For its debut CD, Been a Long Time, Double Trouble—Stevie Ray Vaughan’s former rhythm section of bassist Tommy Shannon and drummer Chris “Whipper” Layton—assembled some of the most admired blues and rock guitarists around. Eric Johnson, Jonny Lang, Kenny Wayne Shepherd, Doyle Bramhall II, Gordie Johnson, and Vaughan’s older brother Jimmie all lent their talents to the affair. Not surprisingly, as accomplished as those folks are, no one could quite light things up the way SRV used to.

“To be honest,” says Shannon from his home in Austin, Texas, “any guitarist I play with is—heh—not quite the same. I mean, don’t get me wrong, I enjoy playin’ with a lot of people, and I don’t expect them to live up to Stevie. But he did spoil me.”

Shannon and Layton lost their guitarist-vocalist (and best friend) when the helicopter he was in crashed after a concert at Alpine Valley, Wisconsin, on August 27, 1990. Been a Long Time pays tribute to the kind of emotional blues Vaughan played his heart out for that fateful night—and every single time he went on-stage. As well as the topnotch guitarists, an impressive lineup of vocalists took part, including Susan Tedeschi, Willie Nelson, Dr.

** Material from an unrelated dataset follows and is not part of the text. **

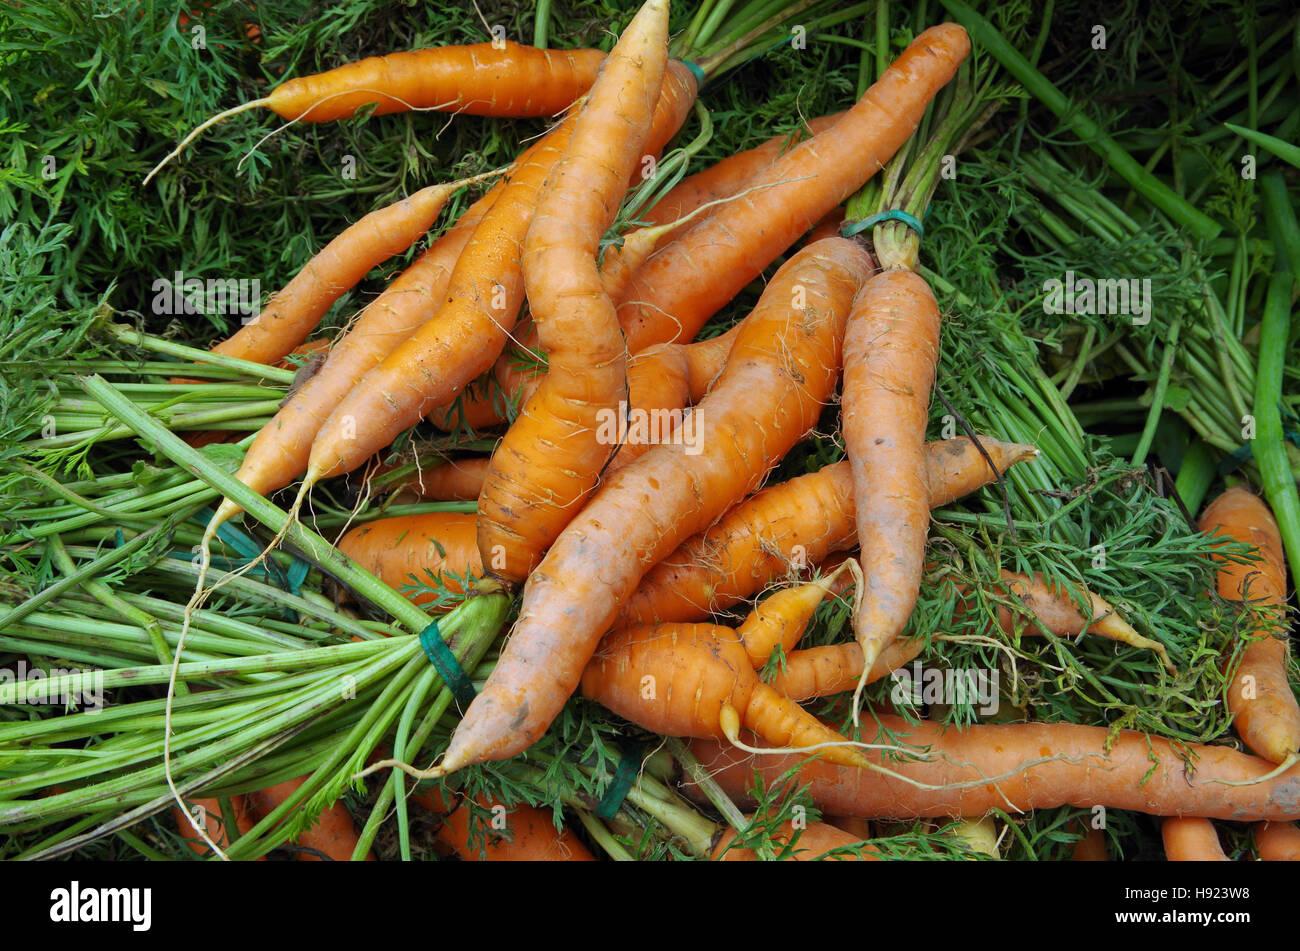 Farm fresh shapely carrots and carrot tops - Stock Image

John, and Lou Ann Barton, the last singer Stevie Ray backed before taking over the mike in Double Trouble.

In Vaughan’s memory, Been a Long Time concludes with a roughly recorded, 30-second snippet of him playing on a tune called “Chateau Strut”. Other than that, there are no Vaughan songs on the CD, and Shannon says there won’t be any performed when Double Trouble plays the Commodore Ballroom on Saturday (July 7). “We didn’t feel like that’d be the right thing to do,” he relates, “because people would start comparin’ it with Stevie, and it would be a letdown, you know, ’cause there’s only one Stevie.”

After performing on Johnny Winter’s first three albums—and appearing with the albino bluesman at Woodstock—Shannon hooked up with a 15-year-old Vaughan in Austin. He played with him for a few months in ’72 in the rock band Krackerjack, and then in ’81 took his revered place beside Layton in Vaughan’s influential trio, Double Trouble. Two years later that lineup took the world by storm when its Texas Flood proved once and for all that blues could be a potent commercial force.

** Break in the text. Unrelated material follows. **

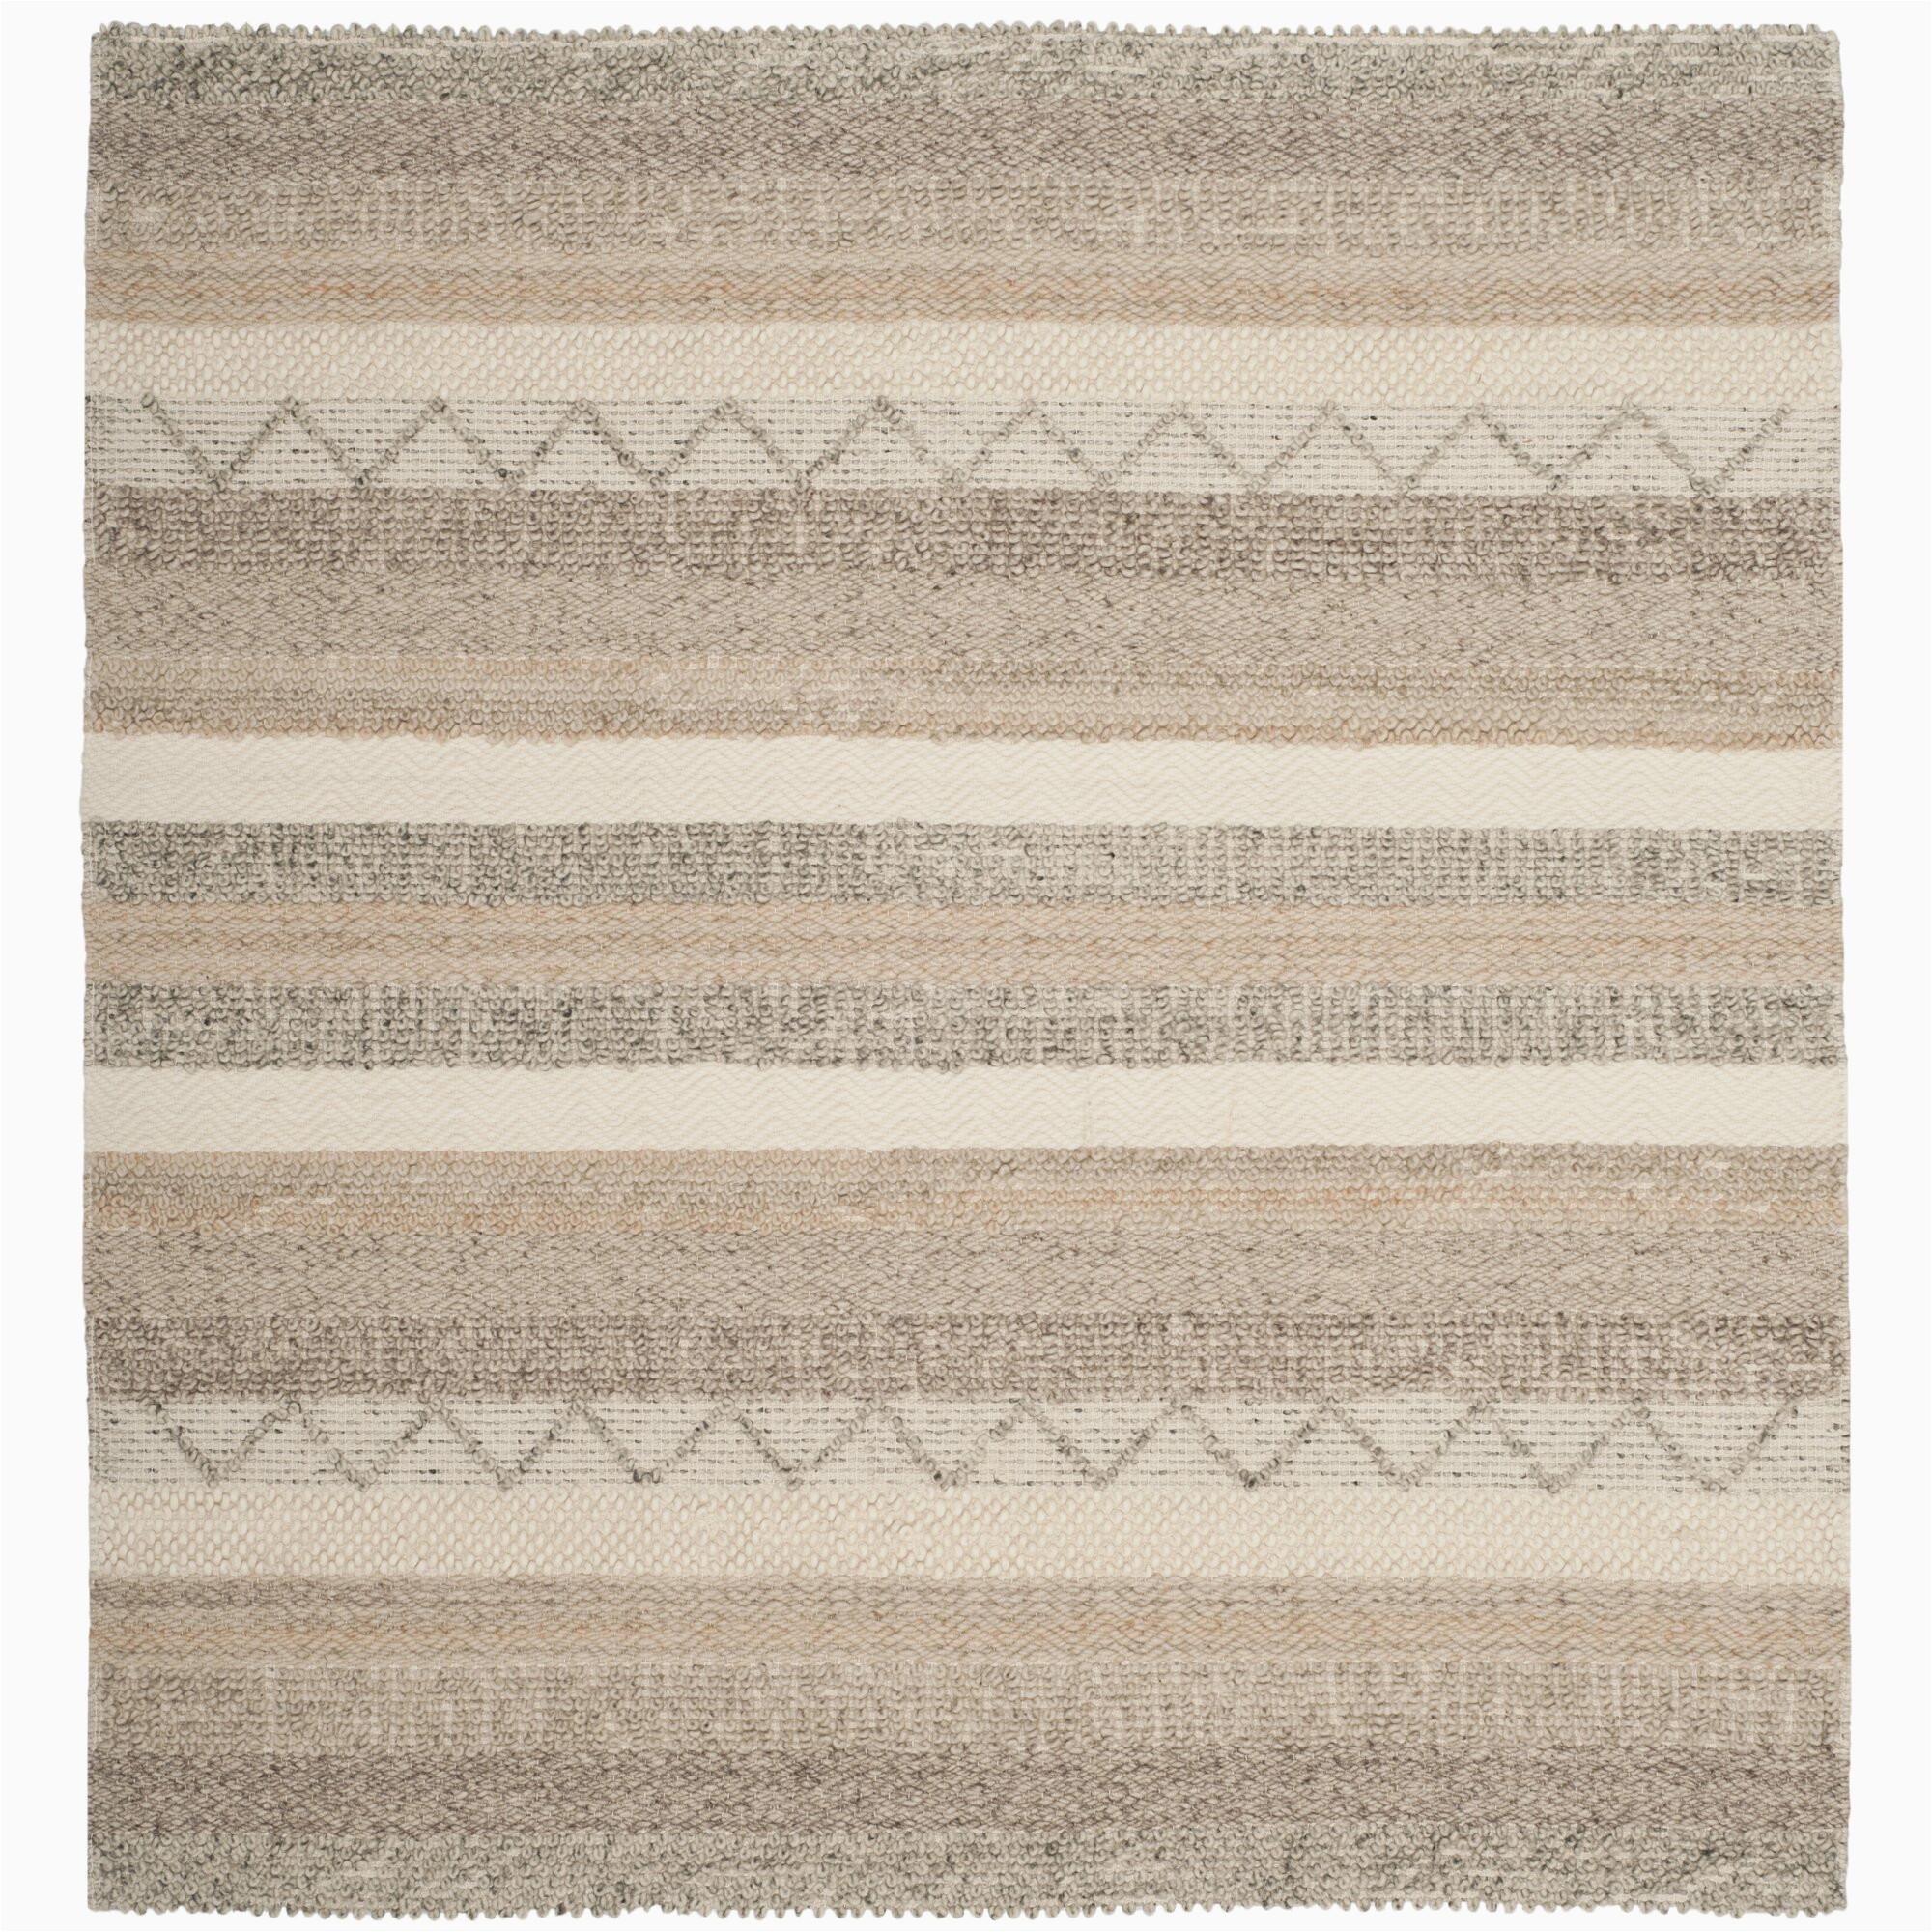 langley street daytona beach hand tufted beige area rug lgly4049

During their time as Vaughan’s rhythm section, Shannon and Layton were rarely credited for songwriting—the 1989 hit “Crossfire” being an exception—but for Been a Long Time, they wrote or cowrote half the material. “That was the main inspiration for doin’ this record,” Shannon points out. “If we were gonna do a record at all, we wanted to do one in which we had a lot to do with the creativity on it, and not just bring in people and play a bunch of blues songs. There wouldn’t have been anything special about that.”

When Double Trouble hits town, they’ll be accompanied by vocalist Malford Milligan, vocalist-guitarist Tina Schleiske, and guitarists Billy Cassis and Mike Ingles. And there’s always the chance that openers Tony D and David Gogo—the latter a onetime protegé of Stevie Ray’s—might wander back on-stage for a jam. Whatever happens, you can rest assured that the drum ’n’ bass action will be as steady as it comes. Shannon, who names studio ace Willie Weeks as his all-time favourite bassist, is asked what he feels is his own greatest skill on the four-string.

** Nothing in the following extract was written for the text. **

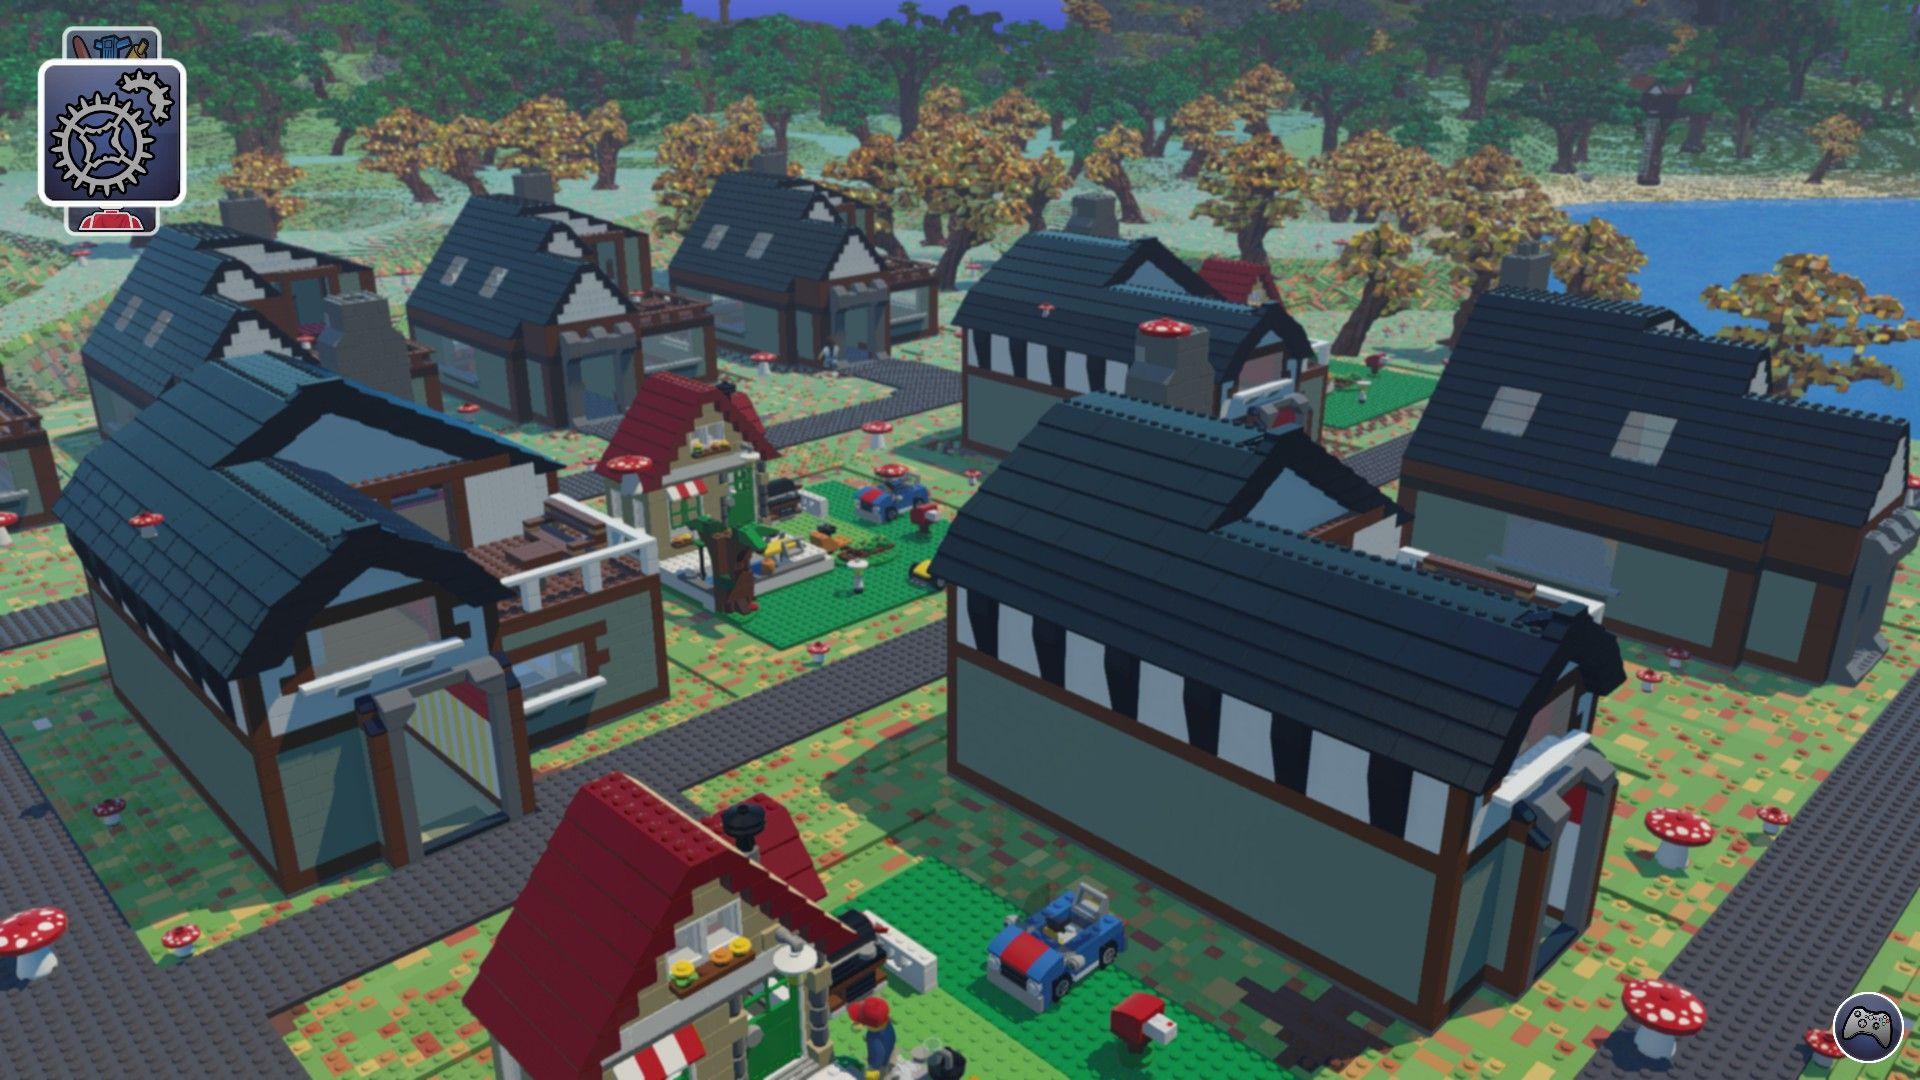 LEGO Worlds (Xbox One) - 4

“Oh, man, that’s a hard question,” he says. “Mmm… I think the fact that I’ve stuck with it for so long, for one thing. And I love music so deeply—I hope that comes through in my playing. But I’m what I think of as a simple bass player; I don’t get real complicated, and I try to play more with the groove. Because when you find the groove in that pocket, there’s nothin’ as much fun as that.”